От СССР к России. История неоконченного кризиса. 1964-1994 - Джузеппе Боффа
Шрифт:
Интервал:
Закладка:
Во всяком случае, в Горбачеве эволюция происходила в соответствии с намерениями, оставшимися неизменными до самого конца. По своей природе и склонностям он был реформатором, но не разрушителем. Он хотел обновить общество, из которого вышел, но никак не собирался устраивать в нем переворот. Горбачев верил в ценности и идеи социализма и намеревался заставить их работать[24]. Зная о всех происшедших в прошлом трагедиях, он не презирал советский период истории собственной страны. Однажды он сказал английскому премьер-министру госпоже Тэтчер: «Нельзя исходить из того, что Октябрьская революция была ошибкой и что социализм, Советская Россия — «ошибка» истории». «Мы не можем, — часто повторял он, — отрекаться от всего, что было создано нашими отцами и дедами»[25]. /139/
Не случайно его сравнивали со словаком Дубчеком: Горбачев также стремился к «социализму с человеческим лицом», а не к иному обществу, которое, в свою очередь, могло оказаться «бесчеловечным»[26]. Однако в какой-то момент даже реформатор Горбачев охарактеризовал свою политику как «революцию». Впервые он сказал об этом летом 1986 года, а затем неоднократно возвращался к подобной терминологии[27]. Но речь шла о риторическом приеме, призванном в ответ на скептицизм и сопротивление подчеркнуть глубину необходимых, по его мнению, преобразований. Прием, как мы увидим позднее, не лишенный целого ряда неудобств. В остальном Горбачев до конца оставался реформатором, пусть даже невезучим и неудачливым. Собственный опыт и привел его к выводу: «Счастливых реформаторов не бывает»[28]. Это высказывание идет дальше идеи Макиавелли.
Первые нововведения
Руководство, осуществляемое Горбачевым, тут же дало о себе знать решительным изменением стиля. Спустя месяц после избрания на апрельском Пленуме Центрального Комитета партии вновь избранный секретарь предложил «ускорить» развитие советского общества, используя новые методы. С иностранными собеседниками Горбачев, удивляя их, говорил без бумажки, в непринужденной манере, свободно ведя беседу и гибко используя оригинальную аргументацию.

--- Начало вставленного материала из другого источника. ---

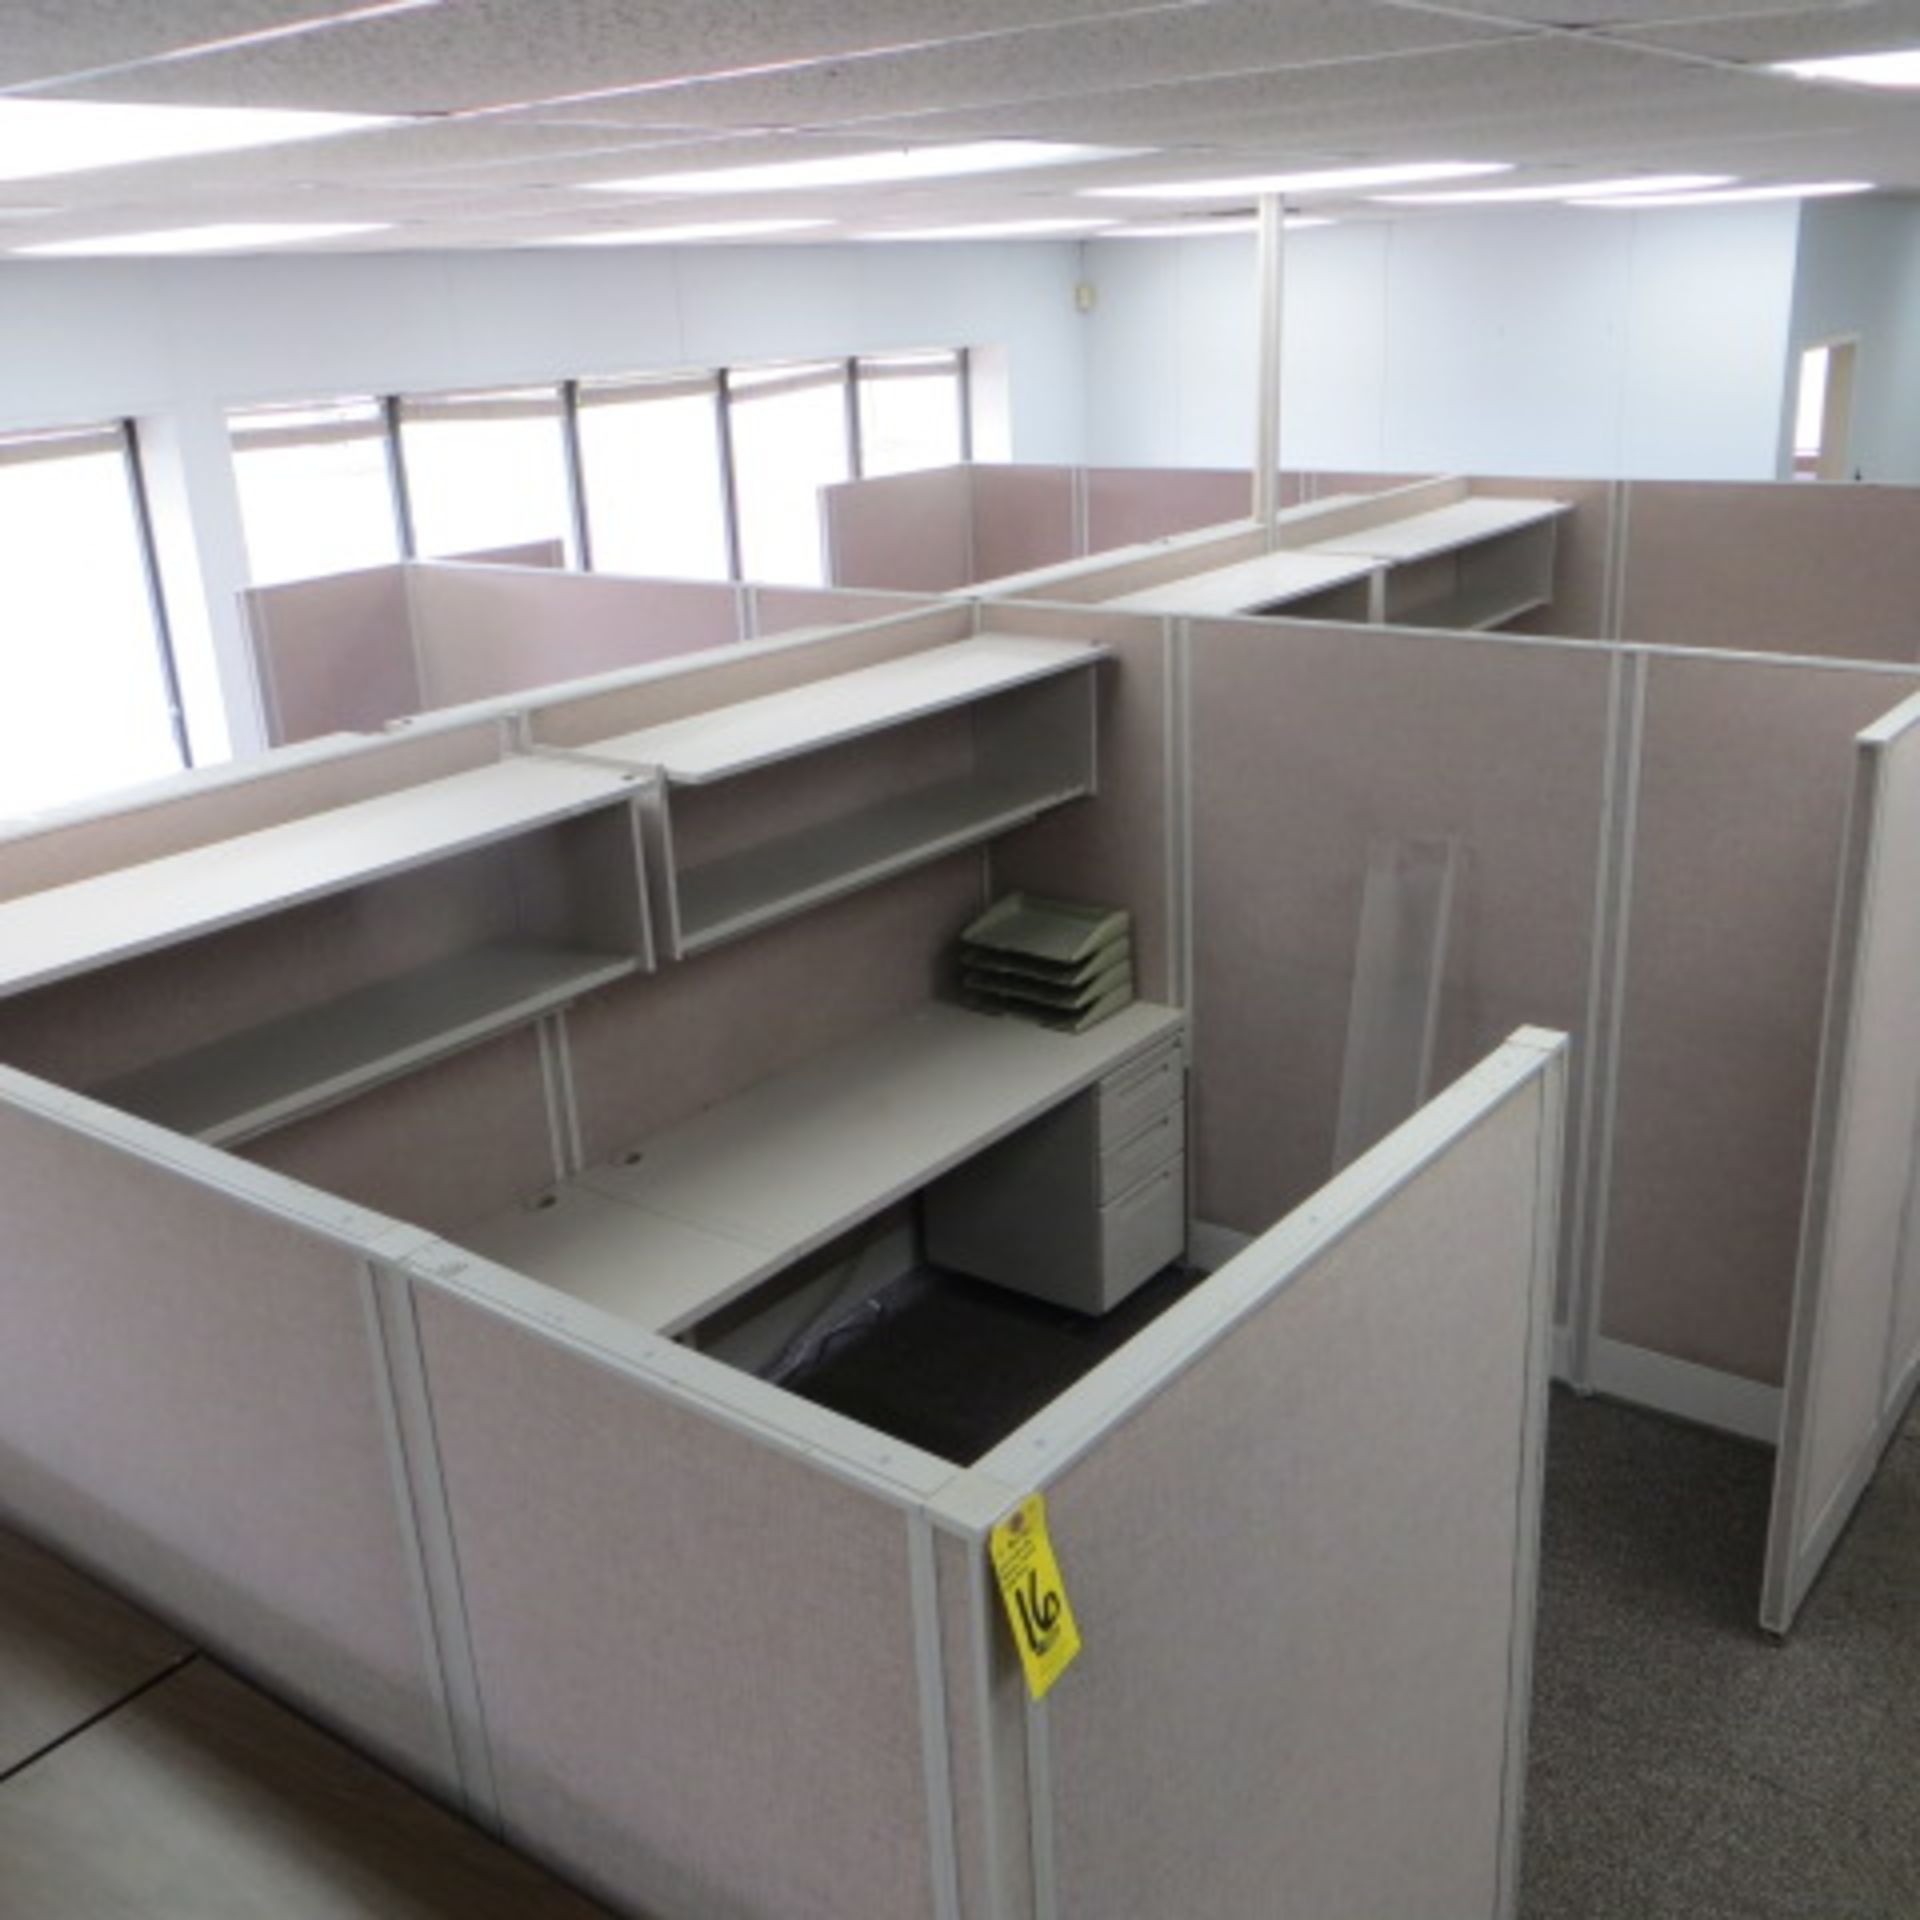 (4) 90 X 120 (APPROX) ACOUSTICAL PANEL WORKSTATIONS W/ WORK SURFACES, O/H SHELVES & PEDESTALS

Его первые интервью и публикации за рубежом произвели сенсацию живостью изложения и быстротой ответов на задаваемые вопросы. Во внутренней жизни страны были отменены привычные для предшествующих руководителей атрибуты: исчезли портреты, самовосхваления, награждения. И на собраниях руководящих органов Горбачев сразу сломал старый обычай обращаться к секретарю с напыщенной лестью и формальными почестями, показав тем самым, что эта практика ему неприятна. Уже первые его поездки по стране показали, что как руководитель он не ограничивался формальным общением, но любил окунуться в толпу, ему нравилось разговаривать с людьми, спрашивать их мнение, отвечать на вопросы, полемизировать. О возможности такого поведения в брежневское двадцатилетие забыли напрочь. Поток писем в адрес Горбачева от простых граждан значительно увеличился, да и сами письма стали более откровенными.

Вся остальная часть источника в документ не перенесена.